### WORK ORDER
Repeat the listing below exactly from the line with "HUGO Xevon Hat 001 Black" through its last line. Skip every picture.

### SOURCE MATERIAL

+---+

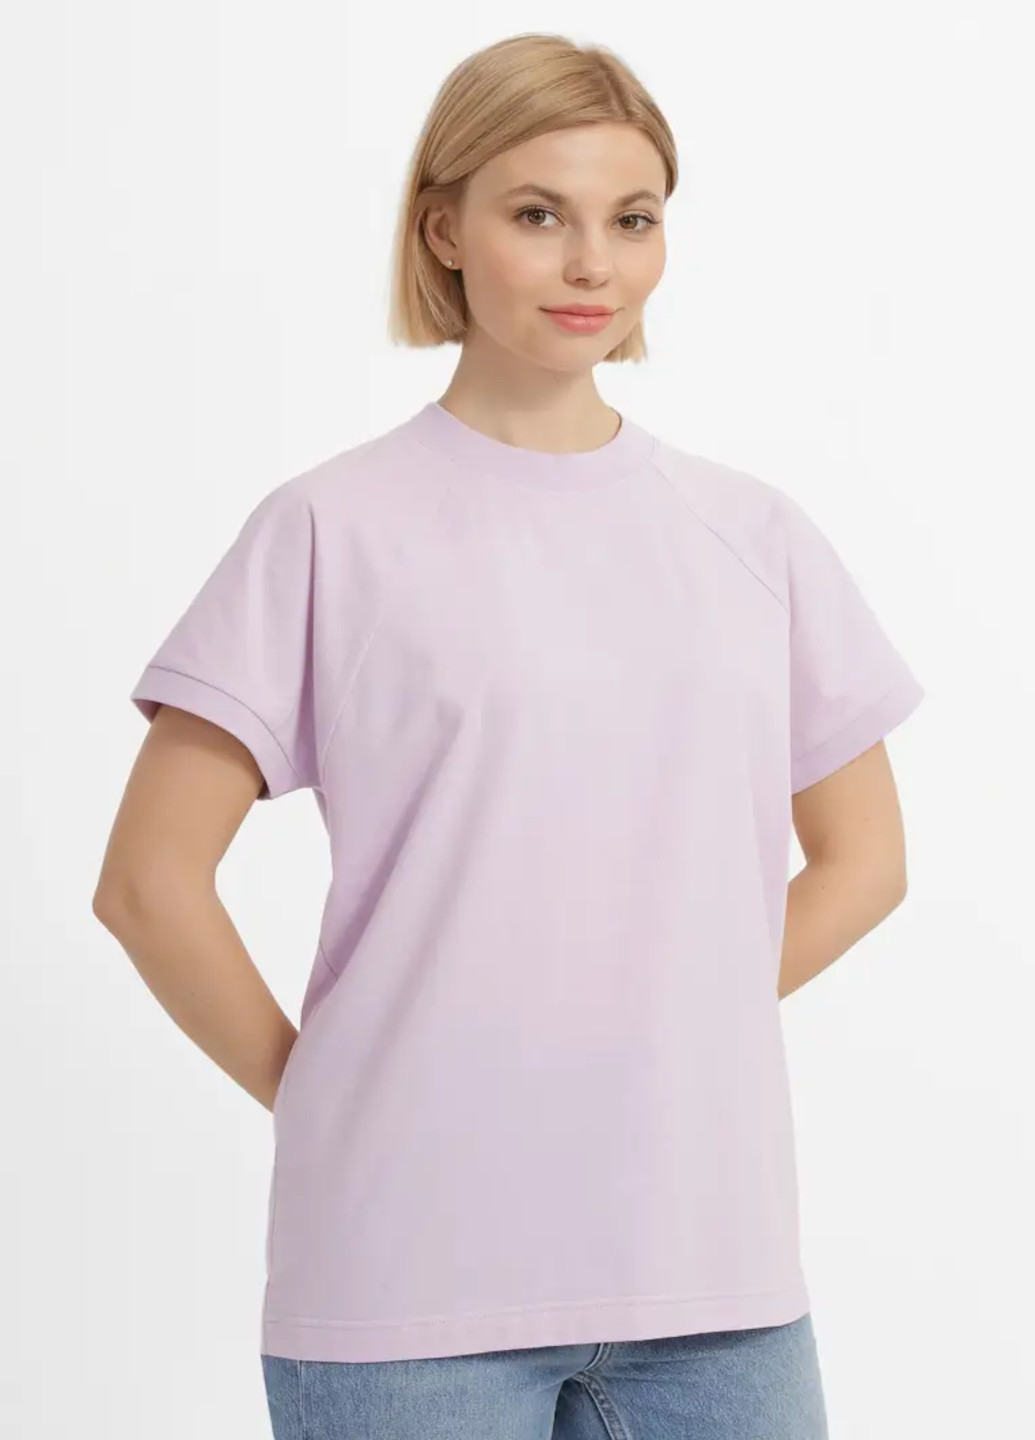 Светло-фиолетовая всесезон футболка женская с коротким рукавом Роза
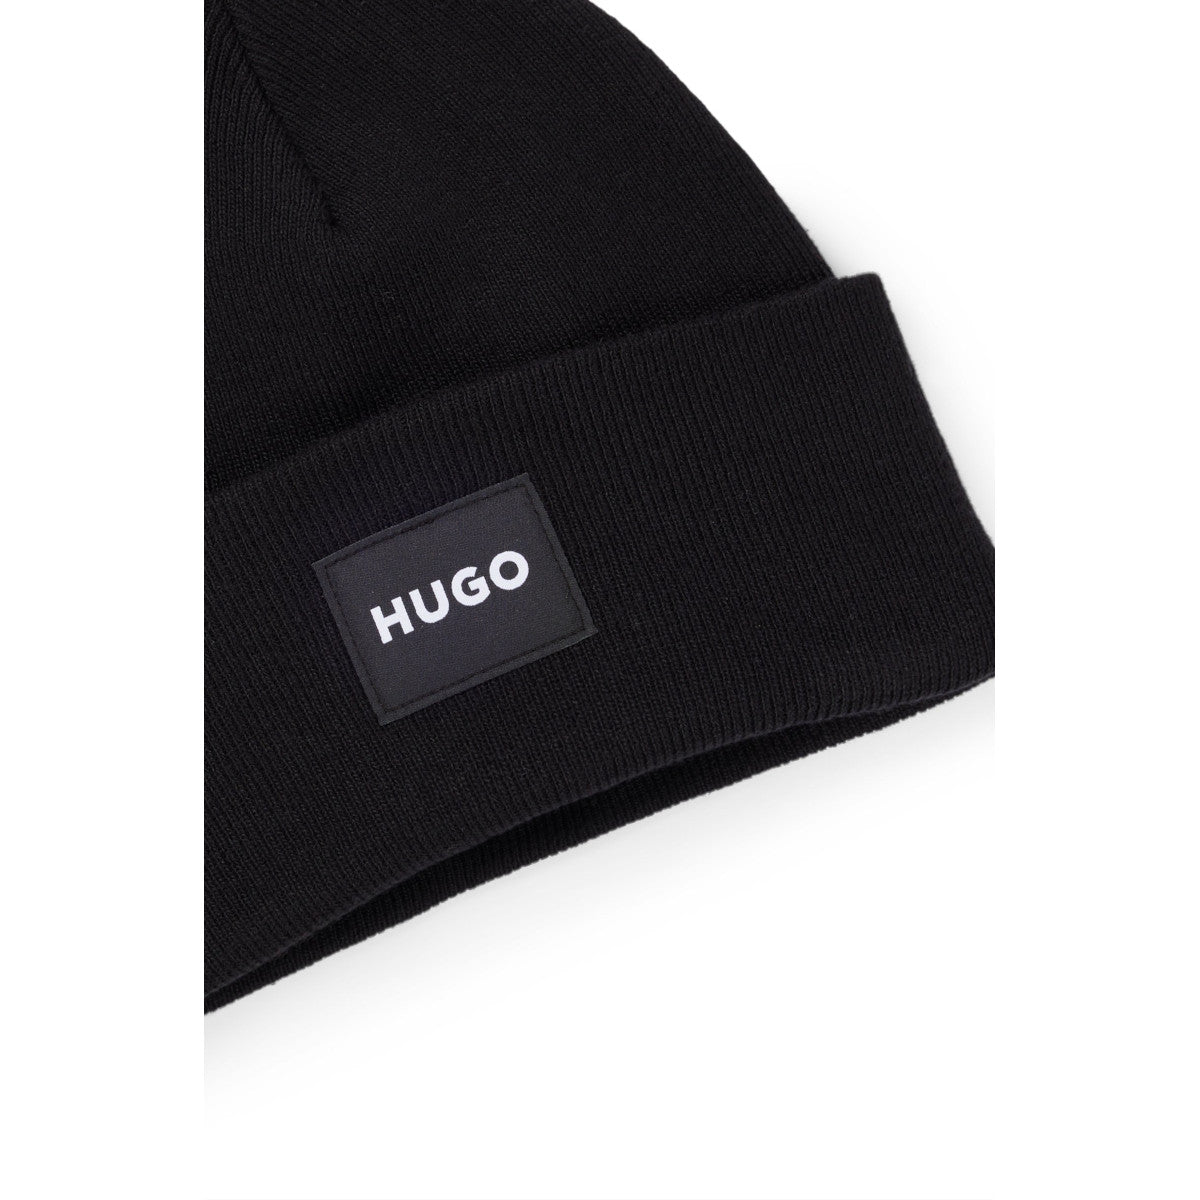 HUGO Xevon Hat 001 Black
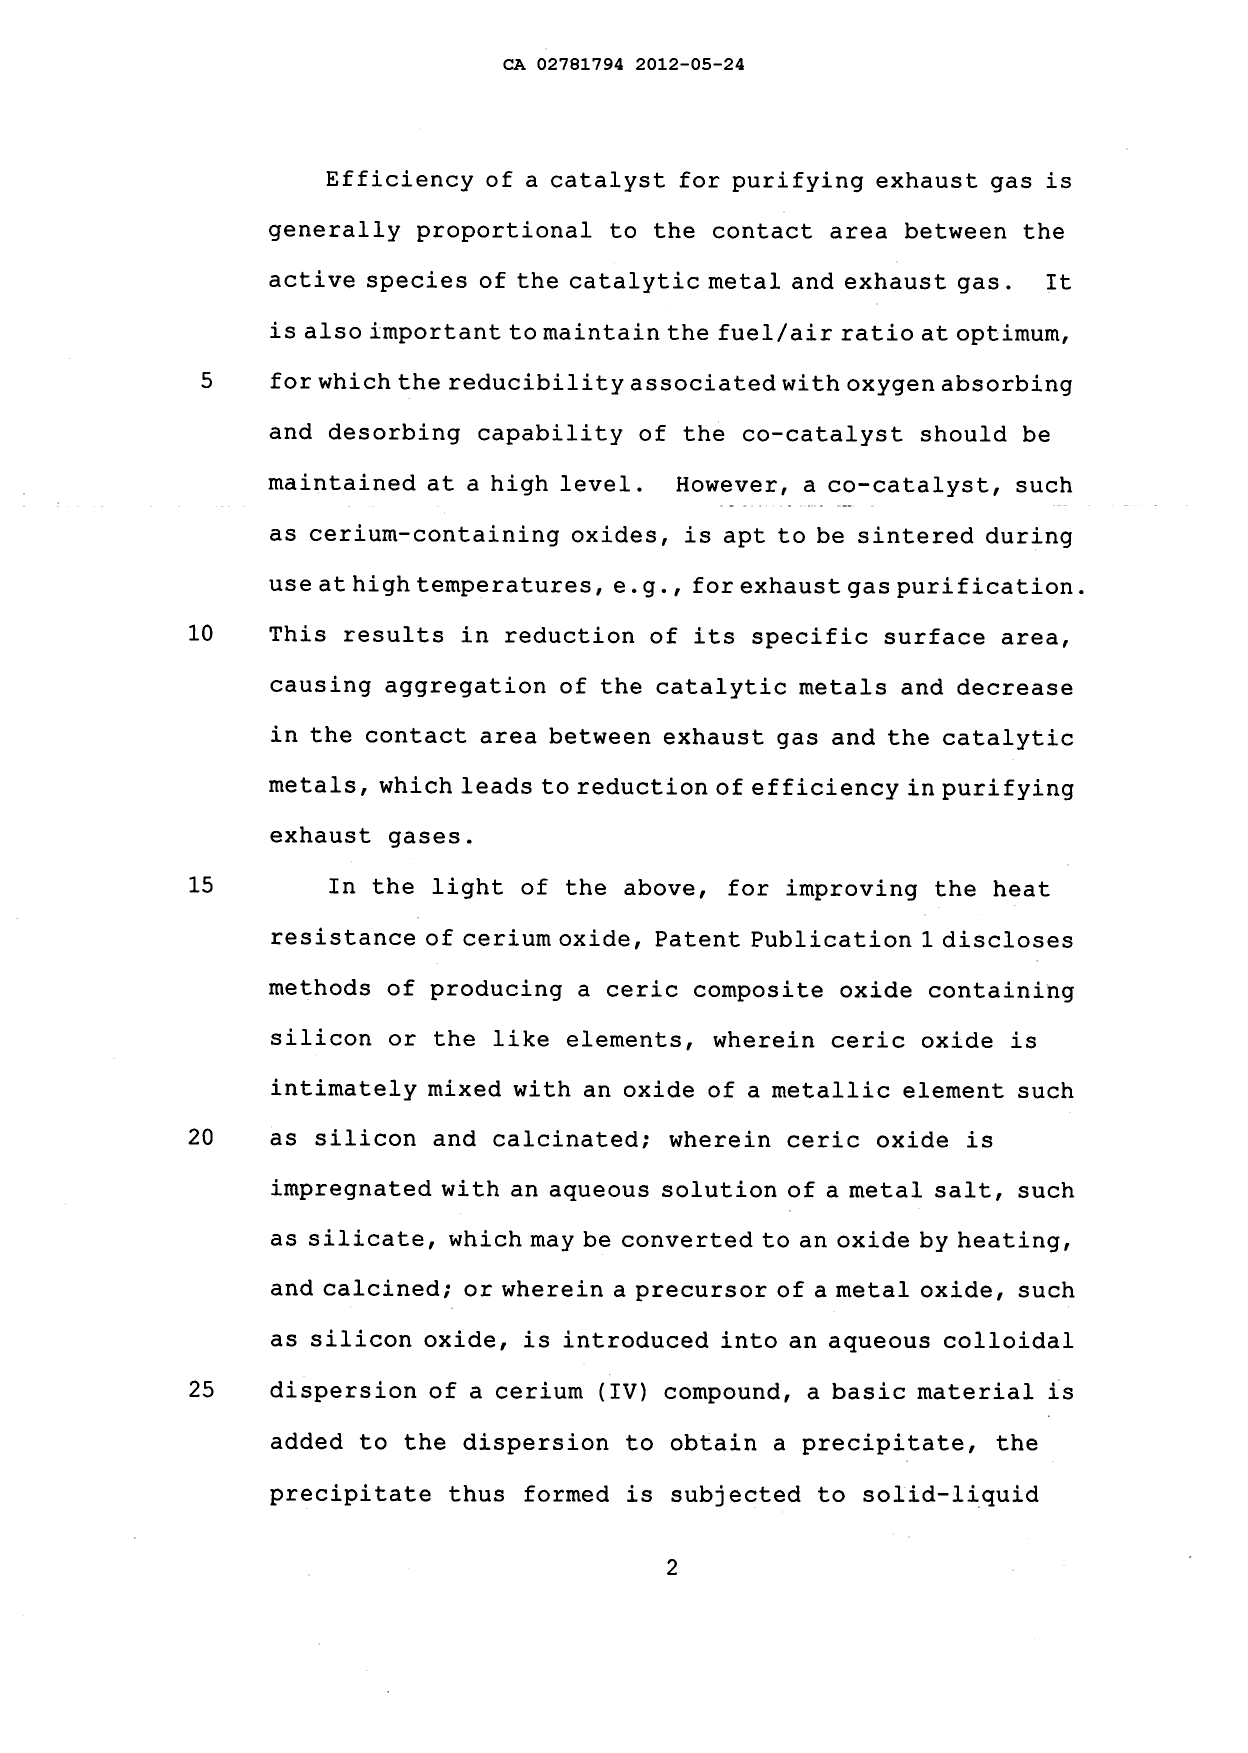 Canadian Patent Document 2781794. Description 20120524. Image 2 of 28
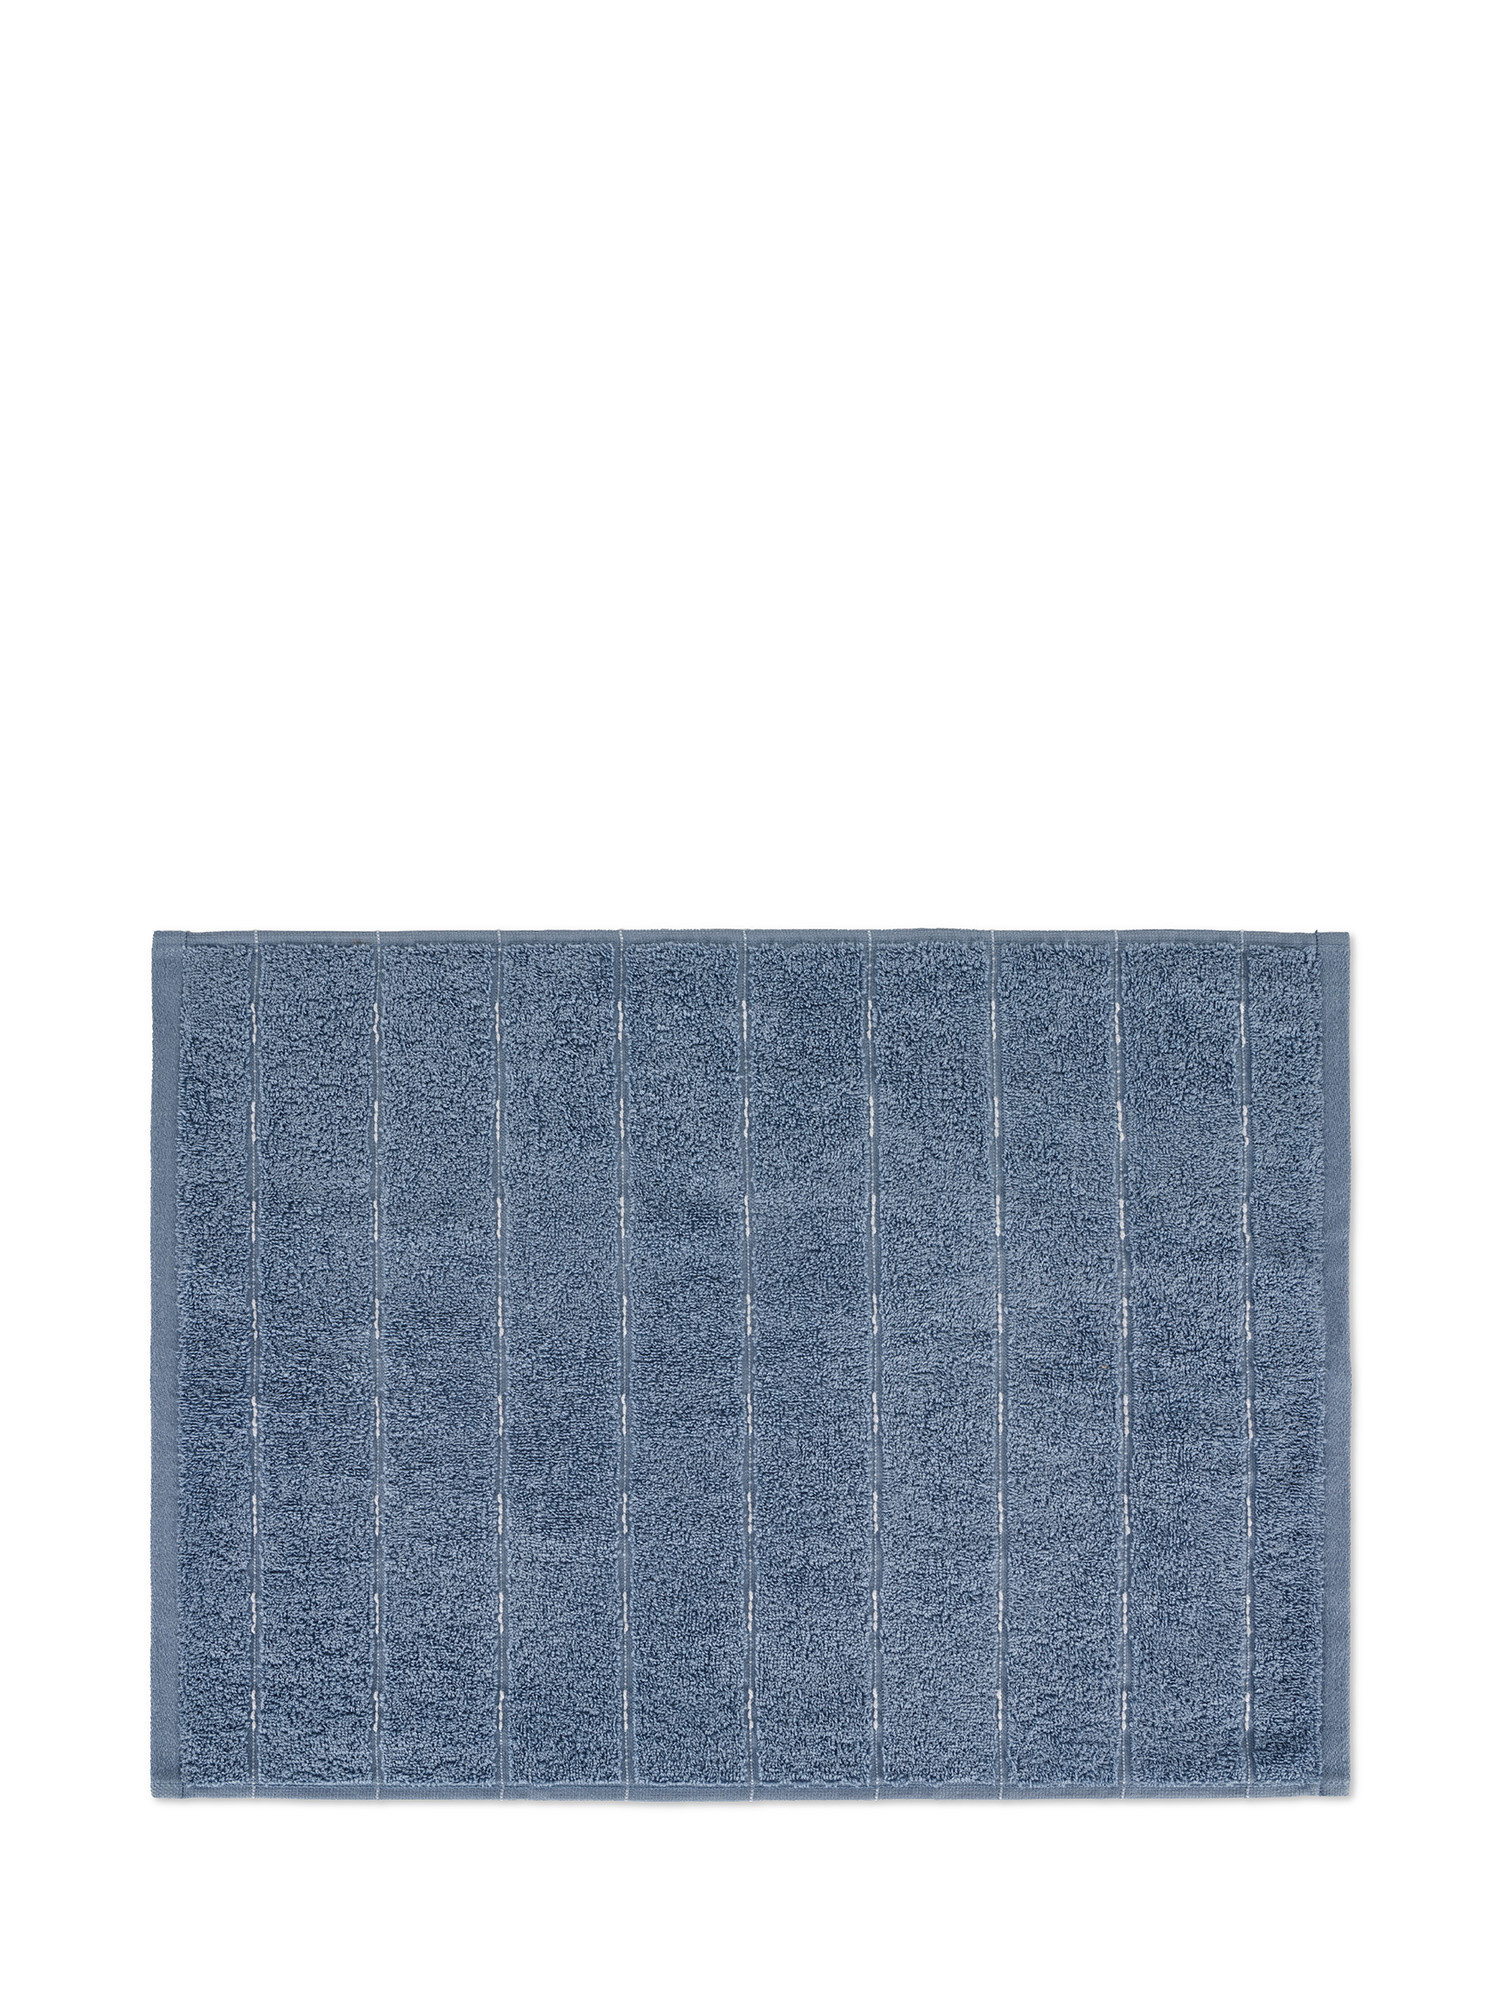 Asciugamano di puro cotone tinto in filo effetto impuntura, Blu, large image number 1

+---+

### SOLUTION TO THIS EXERCISE
 HUGO Xevon Hat 001 Black
 Canadian Patent Document 2781794. Description 20120524. Image 2 of 28
 Asciugamano di puro cotone tinto in filo effetto impuntura, Blu, large image number 1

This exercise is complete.